Managing the Costs of System Downtime

A million dollars an hour. That’s what IT system downtime costs American business, according to a 2002 keynote address by the META group. It’s a stunning figure until one considers the degree to which modern business relies on IT systems. Much of the value of these systems derives from mountains of business intelligence stored in today’s sophisticated data warehouses.

Companies that once used their data warehouse only to support strategic business analysis and reporting have turned to enterprise data warehousing, where the warehouse supplies data to mission-critical business applications that support nearly every core business function. Sales and service, securities trading, supply chain management, call centers — in short, the full range of revenue-producing and customer service-related functions — all now rely on having the data they need at the fingertips of individuals throughout the enterprise.

The most common type of downtime is planned, which generally causes minimal impact to productivity and profitability as it can be scheduled in such a way as to be cost-effective. But when the system is unavailable for external reasons such as natural disasters and power outages, companies are at enormous financial risk. Lost revenue, reduced employee productivity, and regulatory penalties can all contribute to direct costs, to say nothing of the impact on customer satisfaction and the reputation of the business.

In that context, a million dollars an hour sounds about right, though it remains a disturbing number. As such, it makes clear the need for companies to protect their critical business systems from events that cause system unavailability or unacceptable performance constraints.

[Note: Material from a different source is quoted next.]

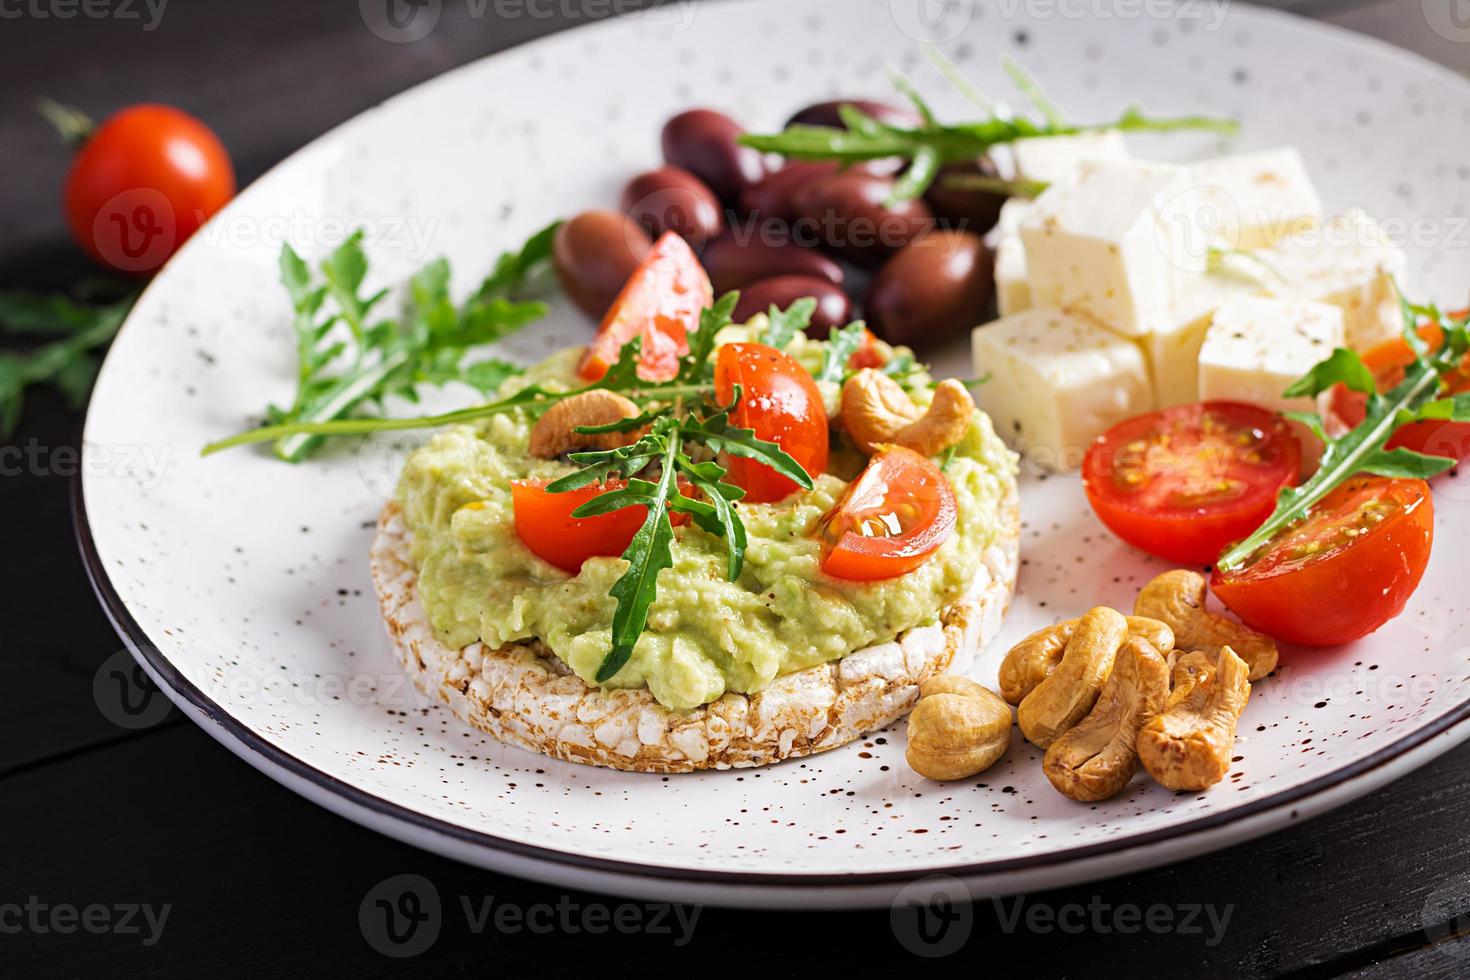 Healthy avocado toasts for breakfast or lunch,  guacamole avocado, kalamata olives, tomatoes, cashew nuts and  feta cheese. Vegetarian sandwiches photo
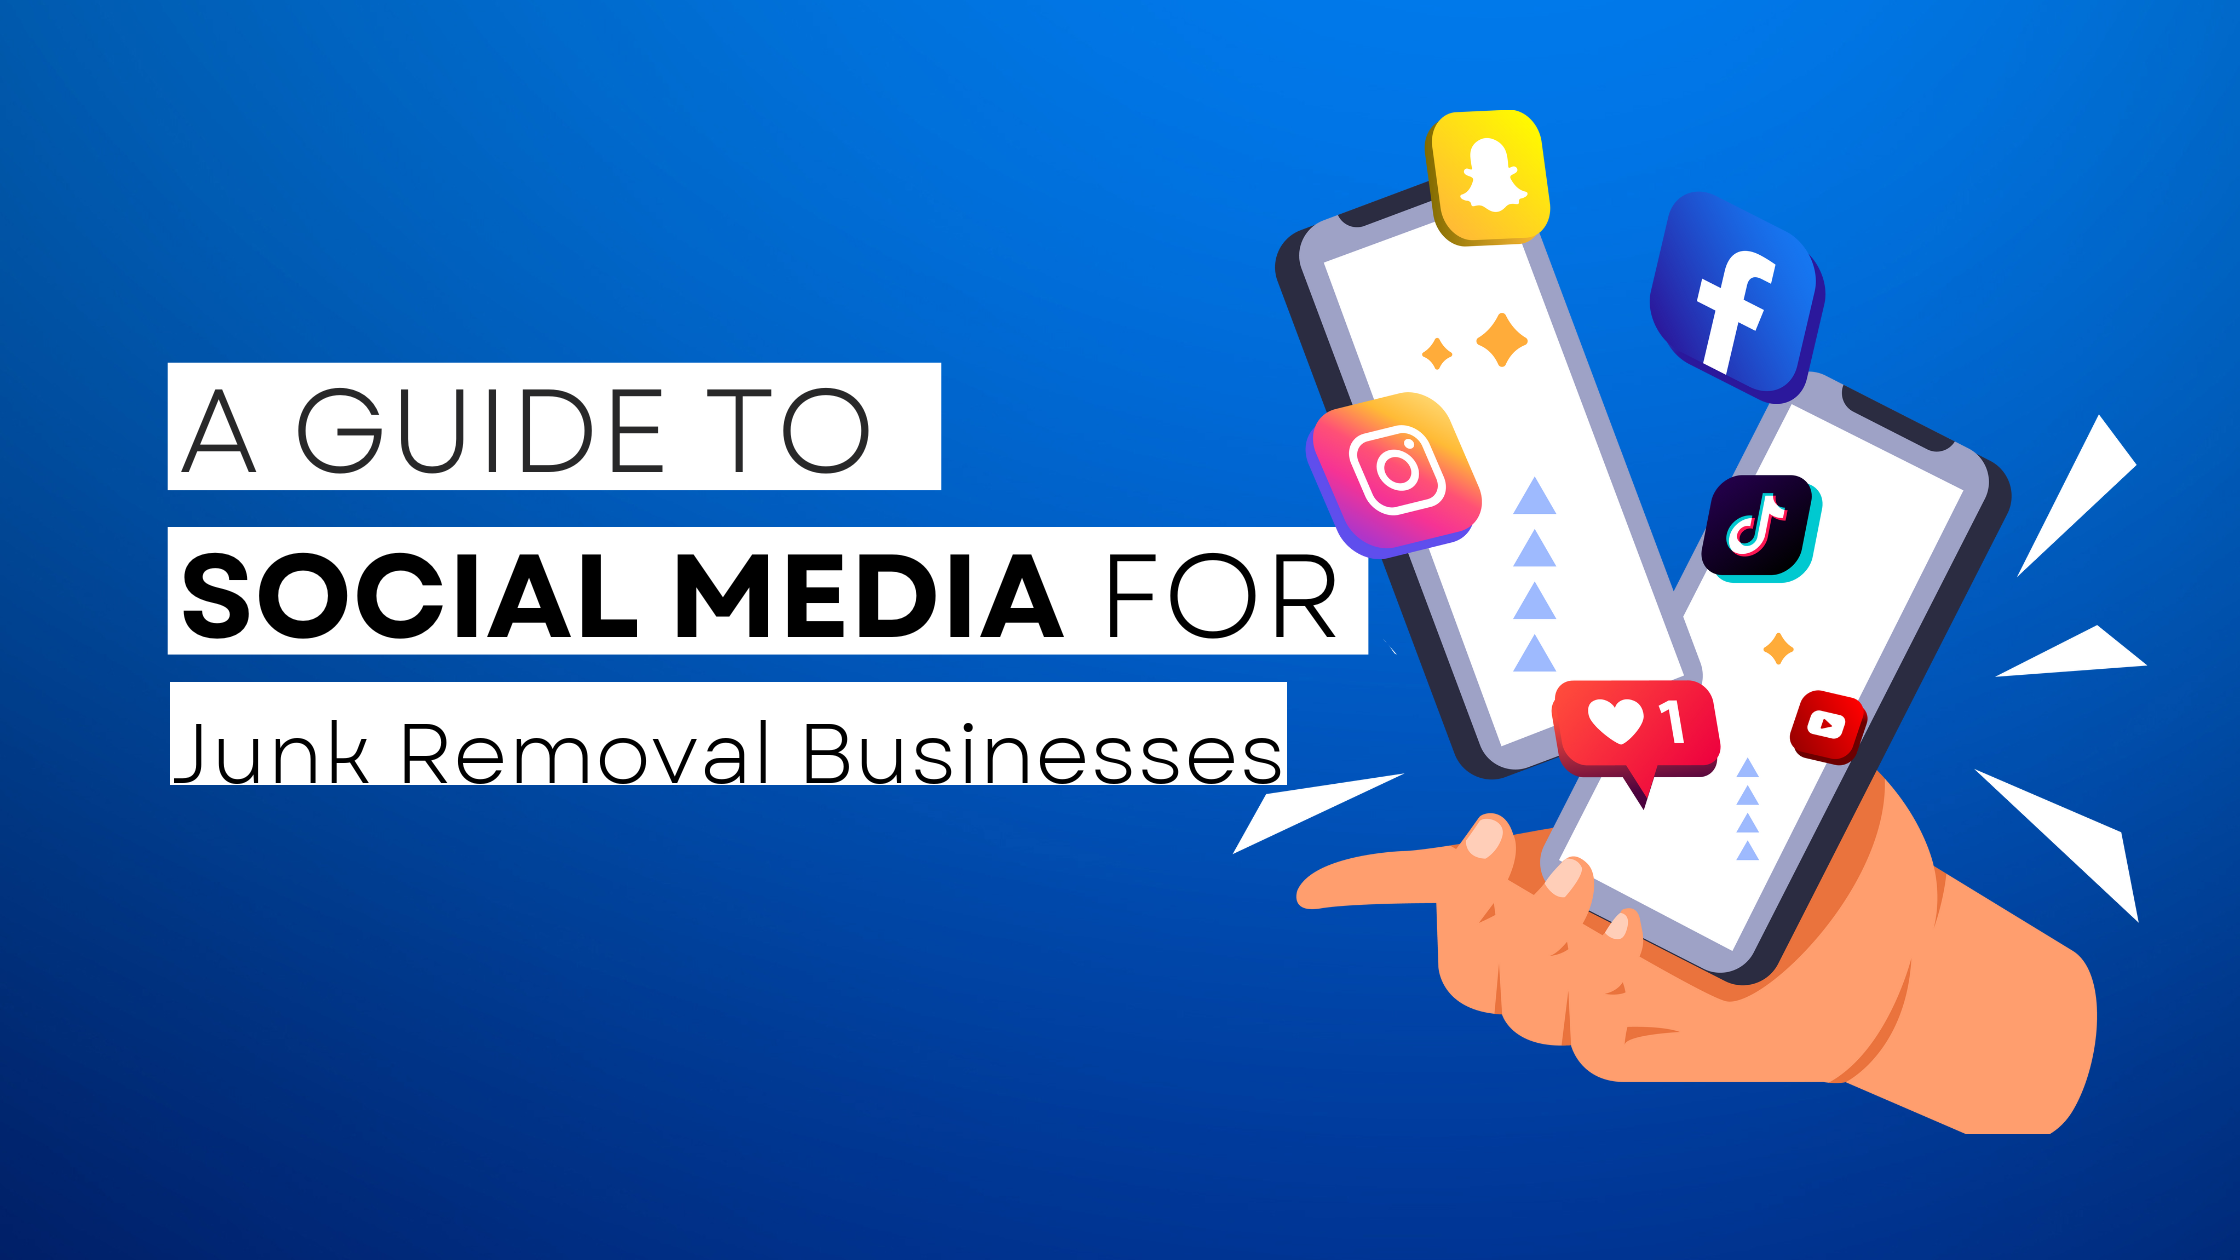 How to start Junk Removal  on social media

The Three Core Challenges of Business Continuity

There are three main challenges about which every company that relies on a data warehouse should be concerned.

The first is system and data availability. Planning for availability is about all the things a company does to prevent an outage from occurring, thereby ensuring ongoing availability during events that might otherwise cause an outage. Because the stakes are so high, companies must ensure that when downtime of any kind occurs — either planned or unplanned — the elements of the system and the data that cannot afford to be down remain operational. Just as a standby generator can prevent the loss of power during an outage, multiple, redundant failover systems can help maintain system availability in the face of challenging environmental factors.

The second concern is system recoverability. The ability to rapidly recover from an outage caused by a natural disaster or other unplanned event is critical to minimize the negative impact on the business and the resulting financial consequences.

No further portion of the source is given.